The SEC passed a final rule that DeFi advocates criticize as hostile to the sector. This ruling could potentially mandate projects to register as dealers.

Wed, 07 Feb 2024, 09:49 am UTC

The United States SEC enacted rules on February 6 that will compel a broader array of market participants to register with the commission, align with a self-regulatory body, and adhere to federal securities laws and regulations.

These regulations, spanning 247 pages, mark a significant shift and could lead to increased oversight over crypto and decentralized finance (DeFi) sectors.

Redefined Terms and Broadened Scope

Proposed in 2022, these rules redefine terms like "dealer" and "government securities dealer" within the Securities Act Rules. They also clarify the phrase "as a part of a regular business," as delineated in the Securities Exchange Act of 1934.

Under these new definitions, market participants who undertake significant roles in providing liquidity within the markets could be subject to these regulations.

For instance, a dealer, as per the new definitions, might demonstrate "trading interest that is at or near the best available prices on both sides of the market for the same security" or generate revenue "primarily from capturing bid-ask spreads, by buying at the bid and selling at the offer, or from capturing any incentives offered by trading venues to liquidity-supplying trading interest."

The new rules' applicability is stipulated, with dealers required to possess or control $50 million to fall under its purview.

Contentious Reception and Political Divide

The adoption of these rules transpired through a party-line vote, with the two Republican SEC members voting against them. While the 2022 proposed rule did not directly address crypto except for a single footnote in its 194-page document, it triggered objections from the crypto industry and pro-crypto politicians. In the final rule, an entire section is dedicated to crypto.

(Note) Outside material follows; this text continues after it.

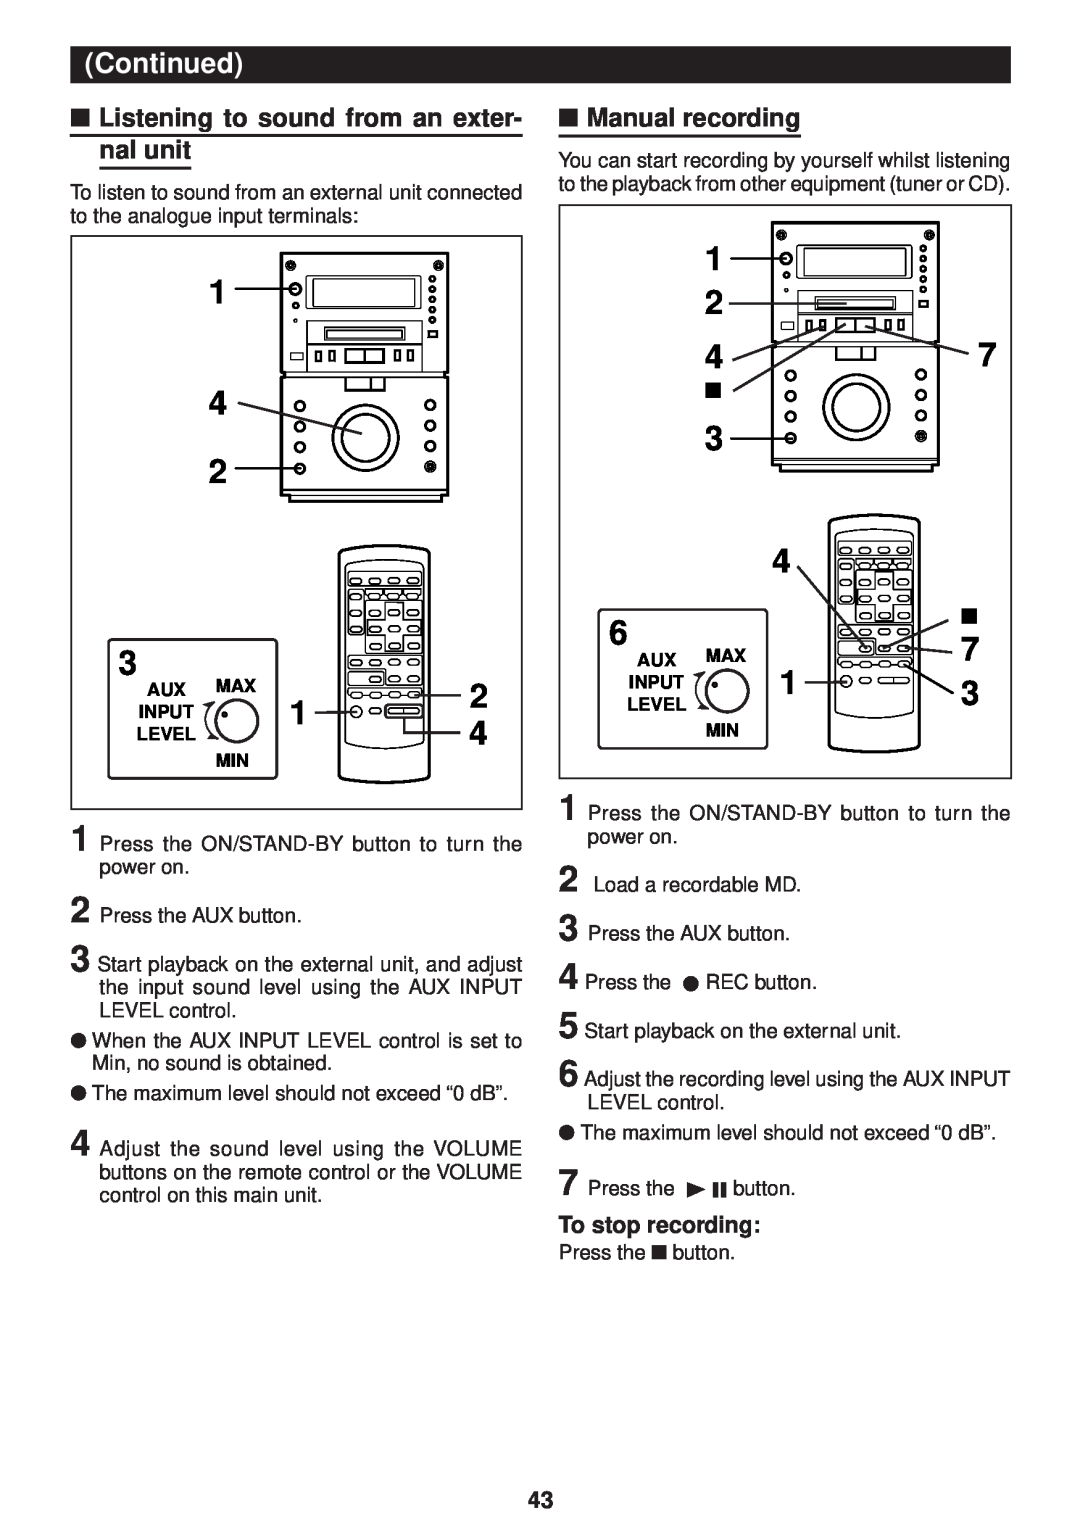 Sharp MD-M3H operation manual Listening to sound from an exter-nal unit, Manual recording, To stop recording

According to Coin Telegraph, in support of the rule changes, Commissioner Caroline Crenshaw highlighted the need to address existing loopholes, stating, "There is a clear loophole here: market participants with a significant share of market volume are engaging in activities like those performed by dealers, without being registered as dealers."

Future Implementation and Regulatory Impact

According to Coin Desk, the new rules are slated to come into effect 60 days after their publication in the Federal Register. This move signifies a significant regulatory shift that could reshape the landscape for various market participants, including those in the crypto and DeFi sectors.